Stored records:

---

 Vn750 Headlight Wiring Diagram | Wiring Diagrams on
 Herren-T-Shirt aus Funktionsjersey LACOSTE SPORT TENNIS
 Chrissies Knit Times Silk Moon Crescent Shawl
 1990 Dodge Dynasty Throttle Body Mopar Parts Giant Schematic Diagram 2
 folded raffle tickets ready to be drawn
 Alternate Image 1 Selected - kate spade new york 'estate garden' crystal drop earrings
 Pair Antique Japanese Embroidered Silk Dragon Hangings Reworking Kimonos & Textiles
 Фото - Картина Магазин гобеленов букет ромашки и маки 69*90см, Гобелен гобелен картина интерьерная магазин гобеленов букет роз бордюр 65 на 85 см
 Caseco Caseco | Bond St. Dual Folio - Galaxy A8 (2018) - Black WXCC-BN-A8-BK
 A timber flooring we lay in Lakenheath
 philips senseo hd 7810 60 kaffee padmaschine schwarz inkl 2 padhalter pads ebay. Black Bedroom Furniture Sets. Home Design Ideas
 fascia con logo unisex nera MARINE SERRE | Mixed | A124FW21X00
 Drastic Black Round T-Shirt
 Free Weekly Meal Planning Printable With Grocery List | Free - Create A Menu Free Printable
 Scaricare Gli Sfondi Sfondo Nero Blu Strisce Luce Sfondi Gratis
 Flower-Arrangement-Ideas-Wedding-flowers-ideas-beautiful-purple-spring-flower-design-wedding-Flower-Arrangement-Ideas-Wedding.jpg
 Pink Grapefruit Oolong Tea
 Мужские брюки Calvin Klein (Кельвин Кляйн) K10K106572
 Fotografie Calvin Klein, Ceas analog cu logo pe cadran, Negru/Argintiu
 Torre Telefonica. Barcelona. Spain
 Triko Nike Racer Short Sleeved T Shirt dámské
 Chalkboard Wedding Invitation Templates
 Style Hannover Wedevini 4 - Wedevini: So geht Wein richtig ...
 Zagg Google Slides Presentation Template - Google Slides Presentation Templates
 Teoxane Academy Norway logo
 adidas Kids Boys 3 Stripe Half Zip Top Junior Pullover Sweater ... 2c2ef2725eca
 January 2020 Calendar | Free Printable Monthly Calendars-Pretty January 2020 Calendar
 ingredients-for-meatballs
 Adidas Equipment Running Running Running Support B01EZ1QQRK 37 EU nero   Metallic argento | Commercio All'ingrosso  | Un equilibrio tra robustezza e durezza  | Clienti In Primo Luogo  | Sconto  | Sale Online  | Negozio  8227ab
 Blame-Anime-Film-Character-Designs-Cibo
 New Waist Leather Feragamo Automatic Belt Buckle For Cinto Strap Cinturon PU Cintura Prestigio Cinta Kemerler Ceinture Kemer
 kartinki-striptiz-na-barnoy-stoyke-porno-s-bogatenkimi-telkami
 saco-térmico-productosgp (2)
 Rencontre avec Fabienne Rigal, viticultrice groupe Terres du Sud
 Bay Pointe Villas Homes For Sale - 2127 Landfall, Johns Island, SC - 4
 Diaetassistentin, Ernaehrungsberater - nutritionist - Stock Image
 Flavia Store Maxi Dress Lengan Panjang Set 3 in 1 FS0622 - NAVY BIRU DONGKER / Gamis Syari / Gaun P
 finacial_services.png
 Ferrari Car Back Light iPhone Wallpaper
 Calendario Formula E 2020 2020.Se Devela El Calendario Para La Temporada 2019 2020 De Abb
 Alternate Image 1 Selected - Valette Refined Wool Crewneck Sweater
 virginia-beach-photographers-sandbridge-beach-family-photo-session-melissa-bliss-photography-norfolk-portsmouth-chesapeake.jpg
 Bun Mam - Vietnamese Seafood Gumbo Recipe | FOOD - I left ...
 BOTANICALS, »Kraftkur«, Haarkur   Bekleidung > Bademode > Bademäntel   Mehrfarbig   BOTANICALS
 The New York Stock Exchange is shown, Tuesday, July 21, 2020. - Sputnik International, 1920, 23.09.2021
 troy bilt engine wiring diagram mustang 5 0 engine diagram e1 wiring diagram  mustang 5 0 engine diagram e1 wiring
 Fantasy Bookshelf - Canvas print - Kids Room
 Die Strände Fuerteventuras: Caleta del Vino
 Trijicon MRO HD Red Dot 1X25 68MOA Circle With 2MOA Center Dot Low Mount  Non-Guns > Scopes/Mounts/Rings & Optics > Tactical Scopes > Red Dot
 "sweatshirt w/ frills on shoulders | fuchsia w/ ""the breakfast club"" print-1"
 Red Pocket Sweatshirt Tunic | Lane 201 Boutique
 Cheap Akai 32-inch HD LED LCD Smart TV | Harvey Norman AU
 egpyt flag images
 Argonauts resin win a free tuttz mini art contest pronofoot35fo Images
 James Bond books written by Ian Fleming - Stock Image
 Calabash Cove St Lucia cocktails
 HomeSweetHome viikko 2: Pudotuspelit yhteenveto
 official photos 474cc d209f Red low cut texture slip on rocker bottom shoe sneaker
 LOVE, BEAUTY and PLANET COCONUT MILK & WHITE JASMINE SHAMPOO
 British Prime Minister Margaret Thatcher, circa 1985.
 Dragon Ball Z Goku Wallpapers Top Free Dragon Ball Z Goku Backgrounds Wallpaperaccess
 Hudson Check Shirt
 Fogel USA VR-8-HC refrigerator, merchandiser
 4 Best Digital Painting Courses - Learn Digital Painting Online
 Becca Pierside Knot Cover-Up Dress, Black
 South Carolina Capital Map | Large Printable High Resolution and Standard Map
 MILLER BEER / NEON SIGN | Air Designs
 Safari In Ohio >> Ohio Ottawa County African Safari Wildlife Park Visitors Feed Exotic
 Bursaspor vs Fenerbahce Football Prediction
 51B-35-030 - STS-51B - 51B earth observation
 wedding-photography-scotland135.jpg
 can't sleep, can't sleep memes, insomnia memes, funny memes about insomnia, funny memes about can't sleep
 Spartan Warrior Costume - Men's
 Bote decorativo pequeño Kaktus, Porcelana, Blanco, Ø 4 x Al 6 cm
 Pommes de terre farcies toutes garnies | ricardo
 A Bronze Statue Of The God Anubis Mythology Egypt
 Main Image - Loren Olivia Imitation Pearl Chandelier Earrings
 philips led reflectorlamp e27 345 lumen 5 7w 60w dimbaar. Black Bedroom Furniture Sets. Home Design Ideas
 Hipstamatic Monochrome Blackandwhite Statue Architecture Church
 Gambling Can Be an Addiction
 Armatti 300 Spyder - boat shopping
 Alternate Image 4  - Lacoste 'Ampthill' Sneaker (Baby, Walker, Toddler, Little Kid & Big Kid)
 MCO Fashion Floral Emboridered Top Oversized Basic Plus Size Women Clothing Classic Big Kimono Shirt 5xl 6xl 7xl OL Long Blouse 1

---

GOAL OF THE EXERCISE: Repeat the data word for word, starting at its first line and stopping after the line that contains "1990 Dodge Dynasty".

SOLUTION BELOW:
 Vn750 Headlight Wiring Diagram | Wiring Diagrams on
 Herren-T-Shirt aus Funktionsjersey LACOSTE SPORT TENNIS
 Chrissies Knit Times Silk Moon Crescent Shawl
 1990 Dodge Dynasty Throttle Body Mopar Parts Giant Schematic Diagram 2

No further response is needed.